Такое разное небо...

Не Томас
В мае 1988 года, аккурат между Днём Победы и моим девятнадцатилетием, занесло нас пятерых на авиабазу Шинданда. Ну, как «занесло»?! Просто мы «решали боевую задачу» по зачистке ущелья вдоль большого хребта Сияхкох (немного юго-восточнее Адраскана) в направлении кишлаков Фарси, Герги и далее до провинции Гор. А прикрытием - то есть, бронёй - обеспечивали нас как раз парни из 650-го разведбата, входящего в состав «Шиндандской» 5-й Бригады. И вот в самом конце, уже при отходе нашей группы к броне, вдруг «заартачилась» машина-«радийка».  Что ни пытались делать - не заводится, и всё тут.

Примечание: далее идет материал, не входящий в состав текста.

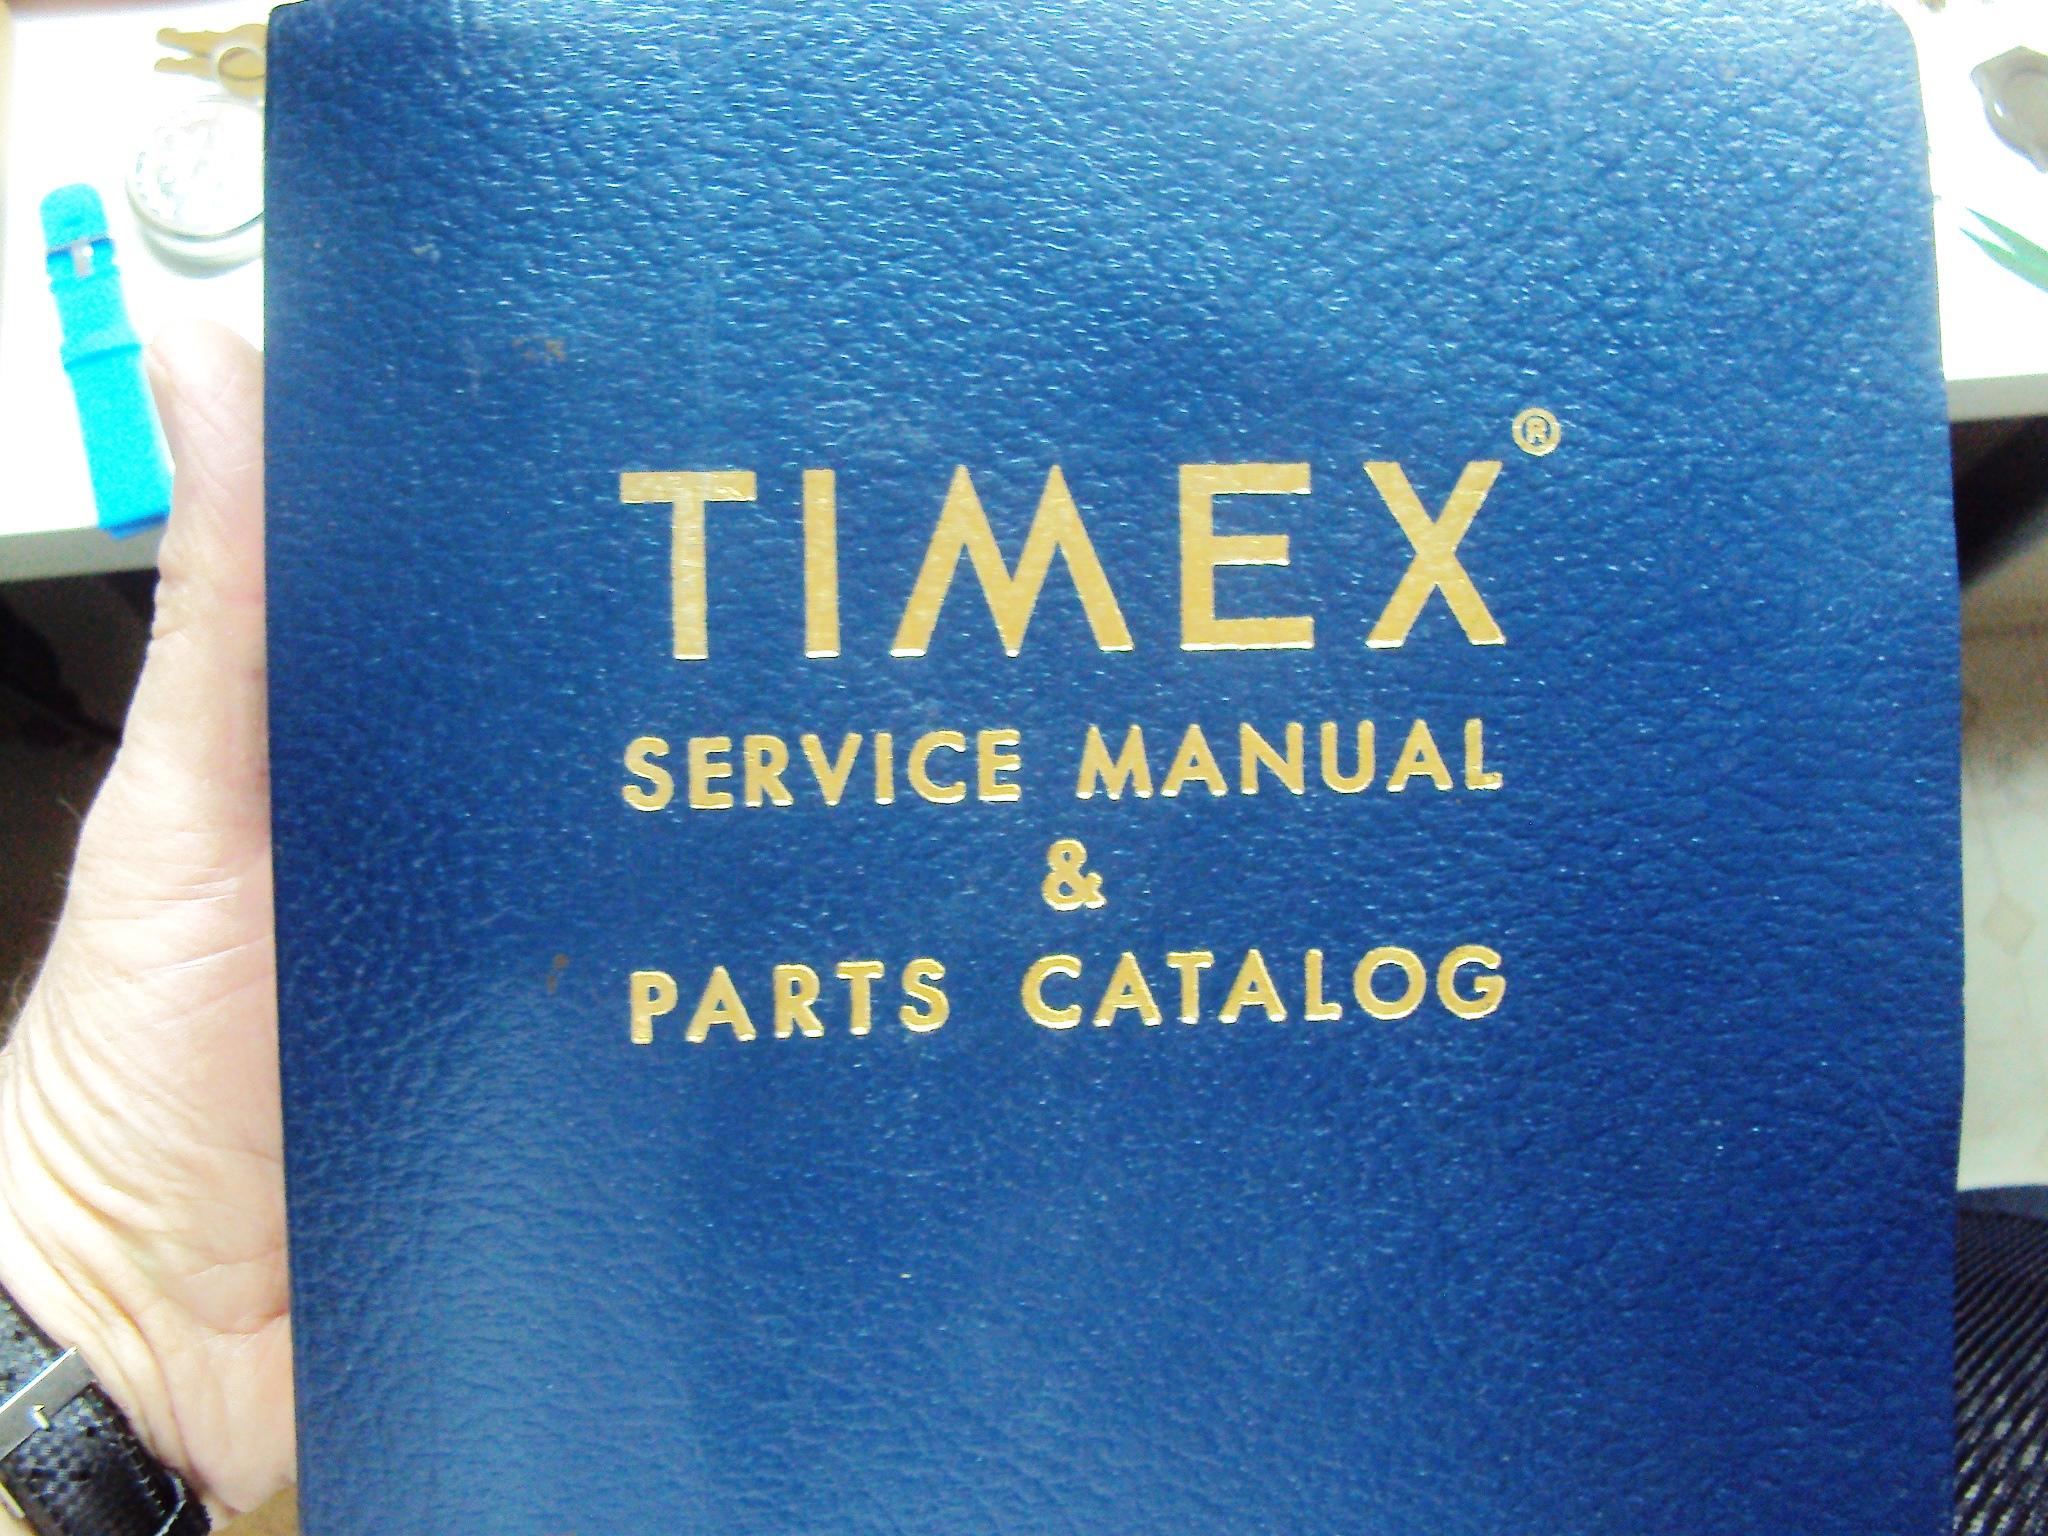 Vintage US Time \ Timex why the question ... - Your Watch Collection -  Watch Repair Talk

В итоге командир решил так: я как ком. отделения остаюсь за старшего, со мной четверо моих парней, плюс экипаж «радийки», плюс двое «шиндандцев» на «коробочке». Цель была поставлена следующая: до темноты «коробочкой» дотащить «радийку» хотя бы до аэродрома, что нами и было сделано аккуратно и вовремя.
Шиндандский аэродром встретил нас предзакатной игрой света, рёвом возвращавшейся откуда-то четвёрки «Грачей» (штурмовиков Су-25) и неприветливым капитаном - ДСЧ (дежурным по стоянке части). Коротко и сквозь зубы расспросив нас, кто мы и откуда и узнав, что нам надо в свою Бригаду (то есть, в Кандагар), капитан смачно харкнул на бетон «рулёжки» и неопределённо махнул рукой куда-то вправо.

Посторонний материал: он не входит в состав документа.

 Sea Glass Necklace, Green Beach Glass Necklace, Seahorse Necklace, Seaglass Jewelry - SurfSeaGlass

 «Там спросите про «вертушки», - также сквозь зубы бросил отрывисто он и побежал к подъехавшей машине ТЗ (топливозаправщику). Мы прошли метров пятьдесят, и  перед нашими взорами предстали две кривостоящие брезентовые палатки, укрытые со всех сторон масксетью. Табличка на одной из них гласила, что мы наткнулись на пункт эвакуации. Возле одной из палаток сидел боец неизвестного рода войск, непонятного срока службы и неясной национальности. Завидев нас, он неприветливо поздоровался и крайний раз присосался к тлеющему между пальцев окурку, после чего уверенным движением метнул его куда-то за палатки.

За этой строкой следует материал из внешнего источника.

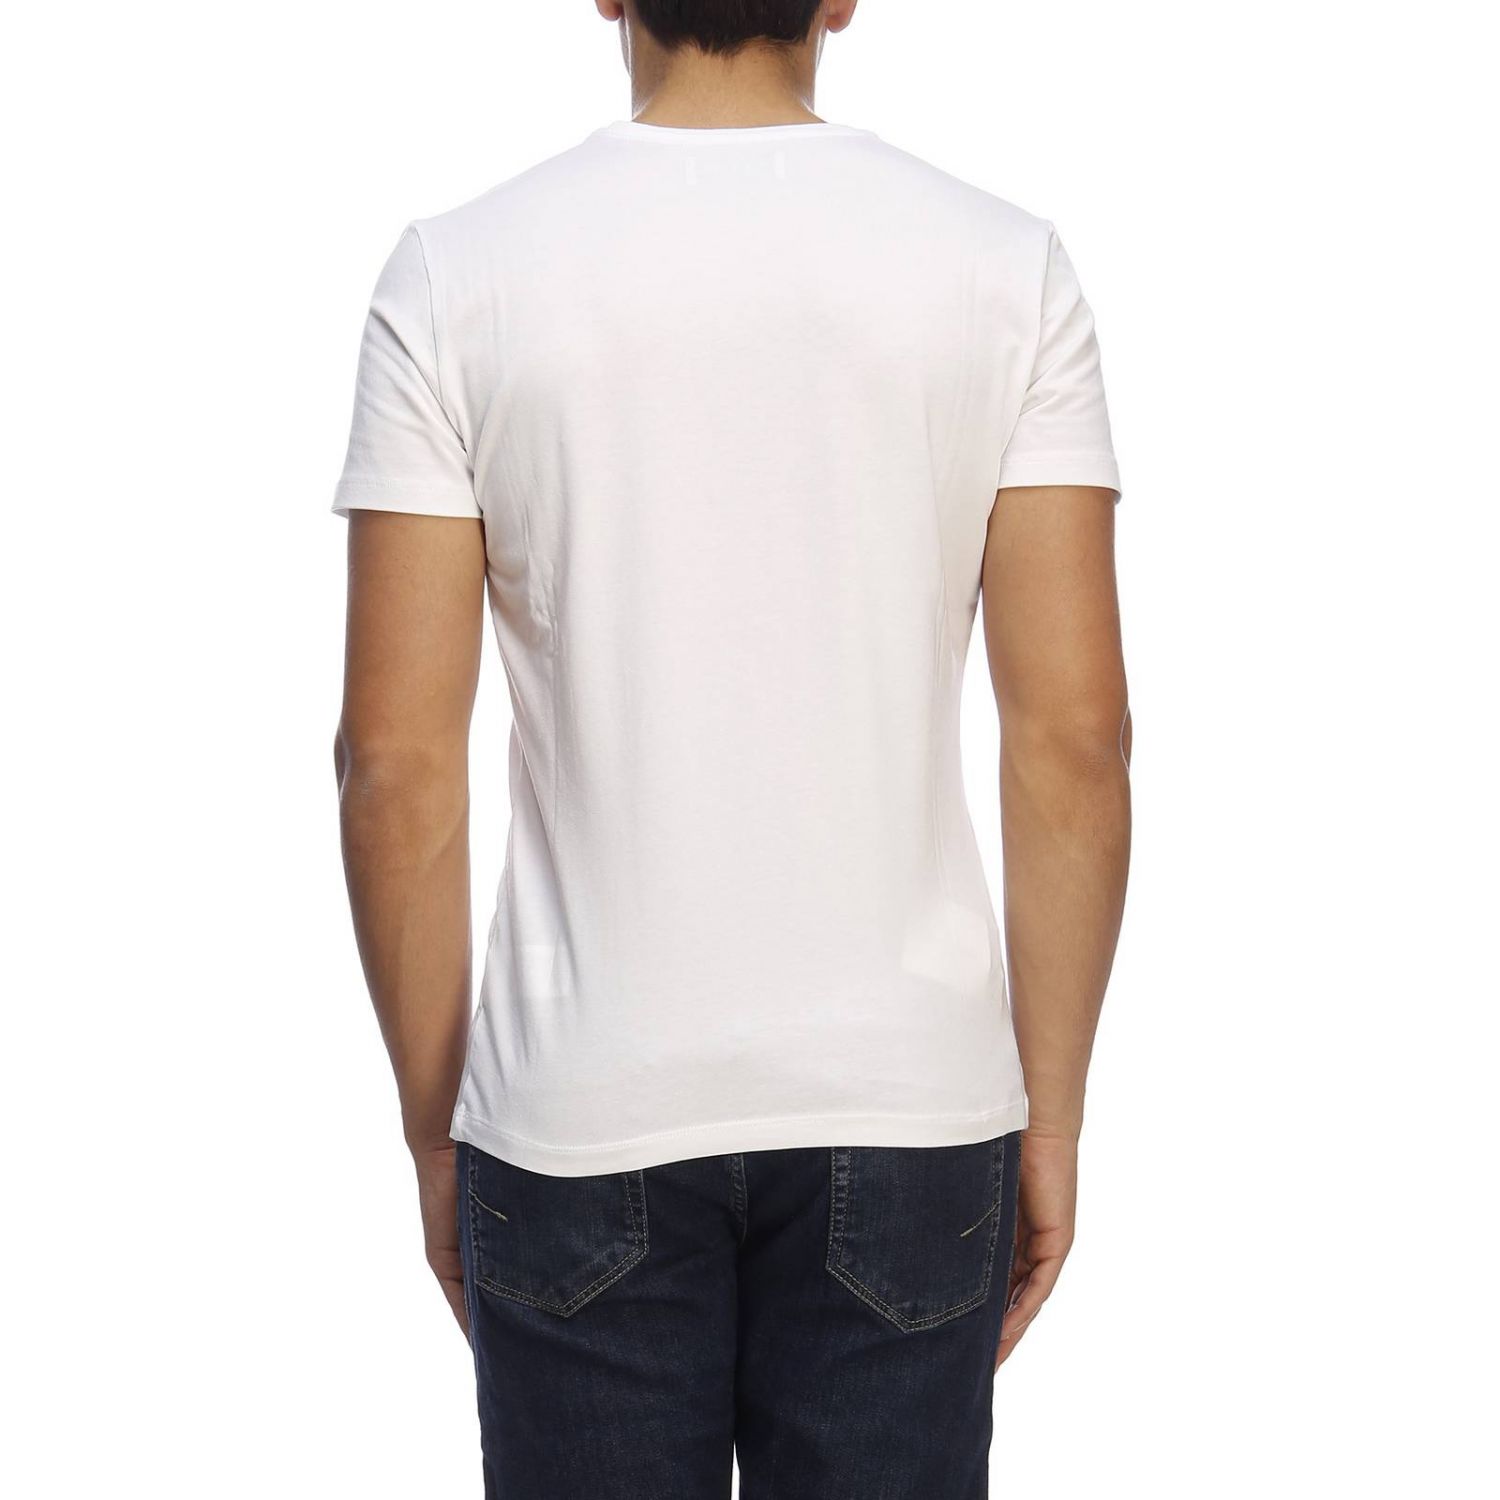 Ice Play Outlet: T-shirt men - White | T-Shirt Ice Play F012 P410 ...

«Куда путь держим, дезертиры?» - лениво спросил он.
Тут надо заметить, что советский солдат в Афганистане нужен в качестве бойца, в строю, а вне строя - выкруживай, как хочешь. Никакой организованной системы по доставке бойцов из точки «Жо» в точку «Па» за всё время нашего там нахождения так и не придумали. Соответственно, о том, как добраться из Шинданда в свою часть в Кандагаре, ты должен думать сам. И если не доберёшься - ты дезертир. А как - твои проблемы.
Итак, у нас было только два способа попасть в свою Бригаду: или с колонной с Севера - что может быть не скоро и хлопотно, или на попутной «вертушке». Колонна с Севера, на удачу, как раз ночевала сегодня в Шинданде, и завтра с утра должна была стартануть на Юг. Но, учитывая как длительность, так и риски такого путешествия, мы таки выбрали авиасообщение. Понимая, что сегодняшний световой день ушёл безвозвратно, я спросил, будут ли завтра «вертушки» на Юг, на что получил весьма разумный ответ: время, мол, покажет. Спать мы устроились в местной «пересылке», коих несть числа по гарнизонам и базам Афгана. В подобных «залах ожидания» ждали нужной оказии бойцы после госпиталя, командированные в другой гарнизон офицеры, отпускники, вернувшиеся из Союза. Здесь она состояла из нескольких, разных по вместительности, палаток, в некоторых уже спали какие-то люди.
В полшестого утра меня разбудило солнце, лучами своими проникшее сквозь полупрозрачный пластик оконца и уверенно шарящее по моему лицу. Я вышел наружу и вдруг услышал нечто...
Какой-то топот, шарканье, позвякивание. И какая-то необычная энергия - как на вокзале, когда приближается состав. Оборачиваюсь... Это, и впрямь, волна. Зеленовато-голубая, с белёсыми вкраплениями, поблескивавшая на утреннем солнышке, она двигалась из глубины пересылки в сторону КПП.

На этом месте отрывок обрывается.